Nami from One Piece.
Nico Robin from One Piece.

Temari from Naruto.
Shizune from Naruto.

Casca from Berserk. There is not much left of her self. I can't blame her since plot decided so but she was a really good character IMO.

I forgot some I think. Female characters are rather important to me since in most cases, I facepalm so much that the series becomes completely unbearable.

Don't be mad if I forgot someone important


----------



## wibisana (Mar 10, 2013)

Edese the main villain on Amake Ga Kill is great char.

all female char in RK was extremely well done
Kaoru Kamiya she is still portrayed as girl but whe is not all useless
Megumi can't fight but she was extremely relevant to the plot.
Tsubame (Yahiko's GF), 
Misao, the one she love try to kill his "granpa". yet she was not fail as other girl char in other manga
Komagata Yumi. this is one of the best female char ever.
and finally Tomoe (kenshin's wife).


----------



## stream (Mar 10, 2013)




----------



## Blαck (Mar 10, 2013)

In no particular order
Queen(Girl the wilds)
Edese( AgK)
Hancock(One Piece)
Unohana(Bleach)


----------



## Bubyrd Ratcatcher (Mar 10, 2013)

no one naming Yotsuba?



Minami chan - Touch
Alita - GUNNM
CAT - C.A.T.
Ebisu - Dorohedoro
Rin Asano - BotI
Xiao Meng - The Ravages of Time

i like Mikasa, im really curious if she will develop further in the story


----------



## Mizura (Mar 10, 2013)

Airi Yui from Kubera:

Teo Rakan from Kubera *points to avatar*
Leez Haias from Kubera (she starts off silly but she has great moments later on. And she's So funny).

Androssi Zahard, Yuri Zahard and Repellista Zahard from Tower of God. Oh and, although most people hate Rachel, she's my favorite female troll. 
Chisa Taiami from 7 Seeds.
The females from Claymore are pretty badass too.

And for the more Shoujo stories:
Hong Sul from Cheese in the Trap.
Akari from Aria.
Yvienne Magnolia and Lariatte Kingdiamond from Ciel ~ The Last Autumn Story.

Hm, who else...
Not anime/manhwa/anime, but... . And her daughter Elaine.


----------



## Powerful Lord (Mar 10, 2013)

Lum from Urusei Yatsura
Bulma from Dragon Ball (not the best written but allways funny to watch)
The main female character of Kochikame


----------



## Qhorin Halfhand (Mar 10, 2013)

Eva Heinemann from the Monster anime. Not a very pleasant personality but she was one of my favorite and best characters from that anime, just great execution of a secondary's character emotional and otherwise decline, and her obsessions and later on her escaping that, something you root for.

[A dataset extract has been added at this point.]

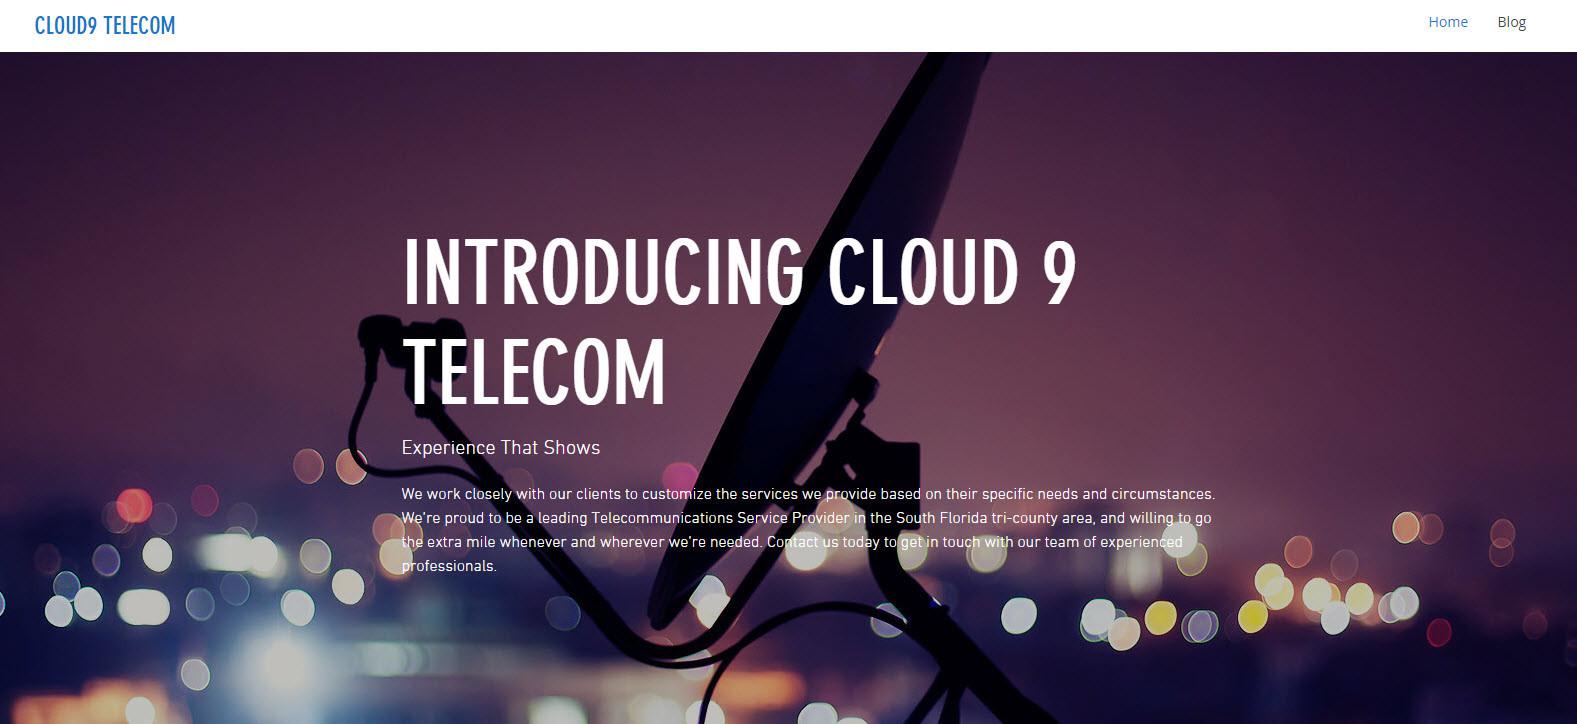 cloud9-telecom.jpg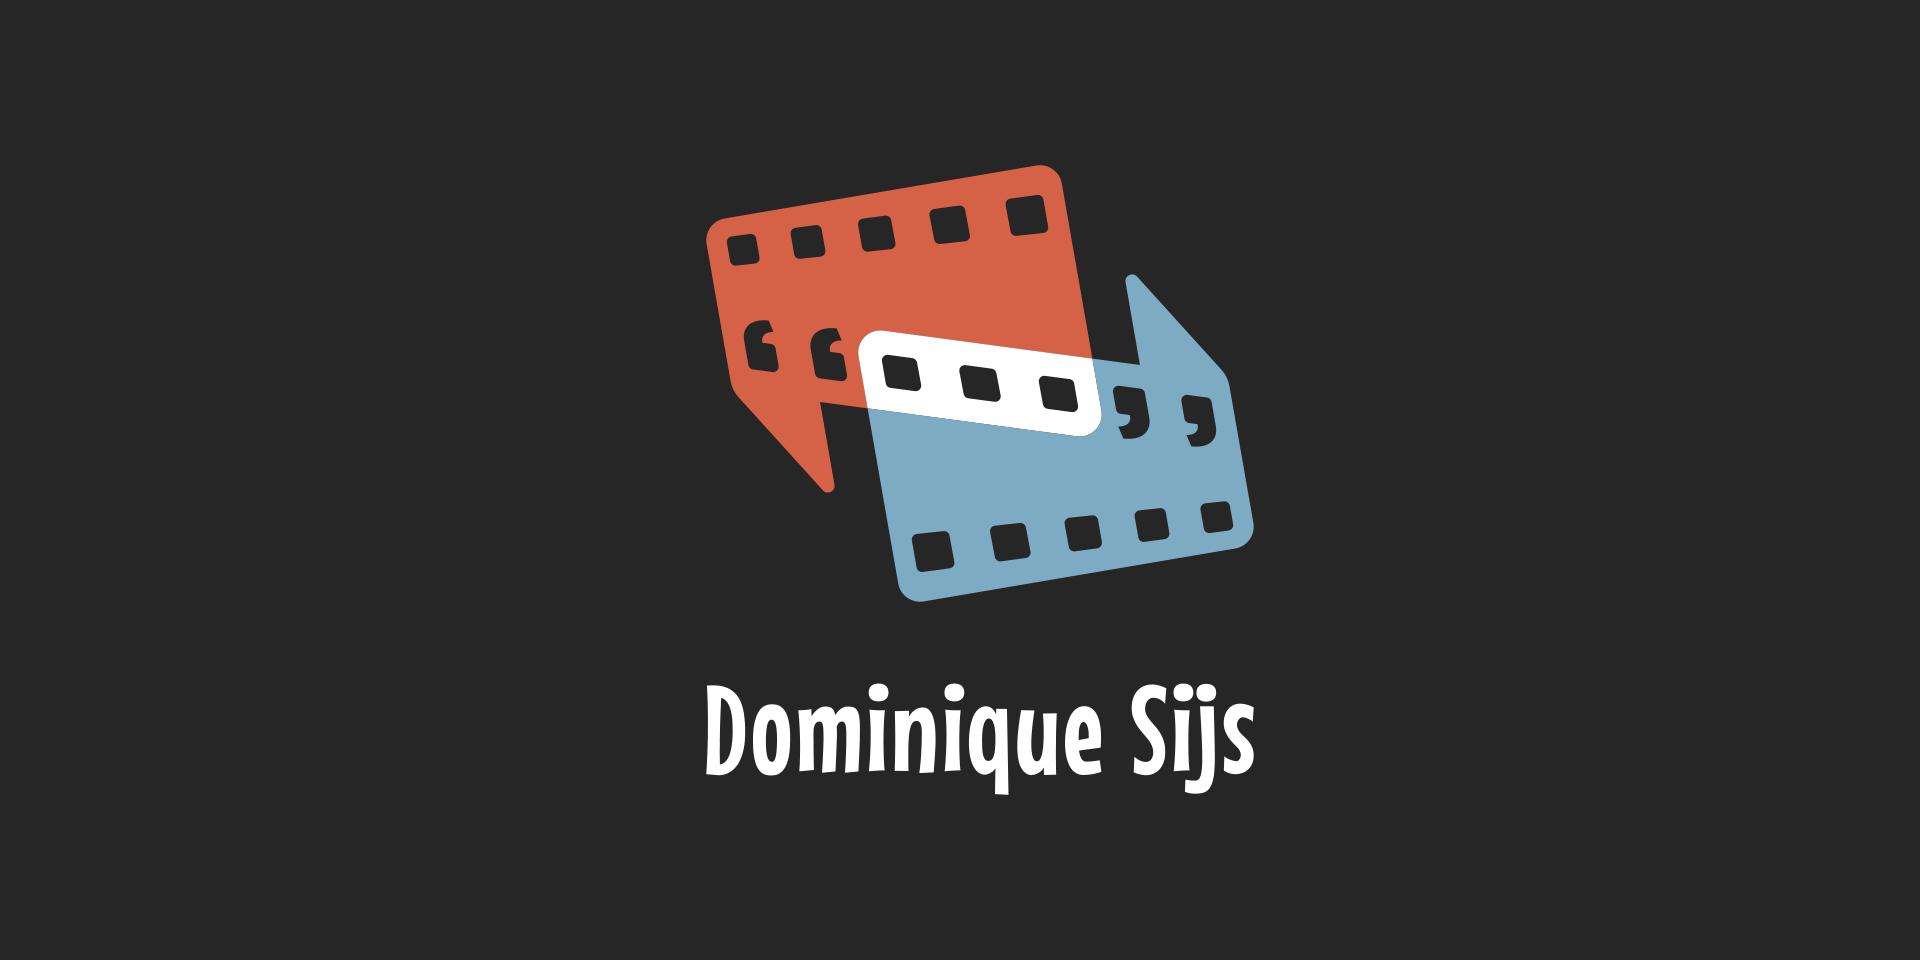 Dominique Sijs logo on black

Really liked that character and is still memorable. 

Rachel from Tower of God is also a character I predict I will remember in the future.

Balsa from Serei no Moribito is a favorite. She like the first choice has some depth in her but you also enjoy supporting her as a simply very capable heroic woman and even with some wisdom due to her own experiences. I really liked her relationship with the prince.


----------



## Kronin (Mar 10, 2013)

I know tons and tons of female characters from manga and anime that I find well written and with a likeably personality. However, basing on the works that I've read until now, my personal top 3 is formed by:

-My favourite female character in absolute, *Farnese* from Berserk: her great development has no equals in my opinion, in addition I love the complex personality in her (well, like all the other main characters of the work). Off course I like also Caska (like every fans I wait for her future healing), but maybe just because Farnese is a more secondary character compared to Caska, the care bestowed upon her by Miura has always strucked me more.

Then without no particular order:

-From Shin Angyo Onshi I loved the figure of *Hong Gildong*, more than her sister Kye Wol Hyang or the same Sando. Chief of a "band of criminal", in her desire to have revenge and change the world, she was portrayed magnificently by the author.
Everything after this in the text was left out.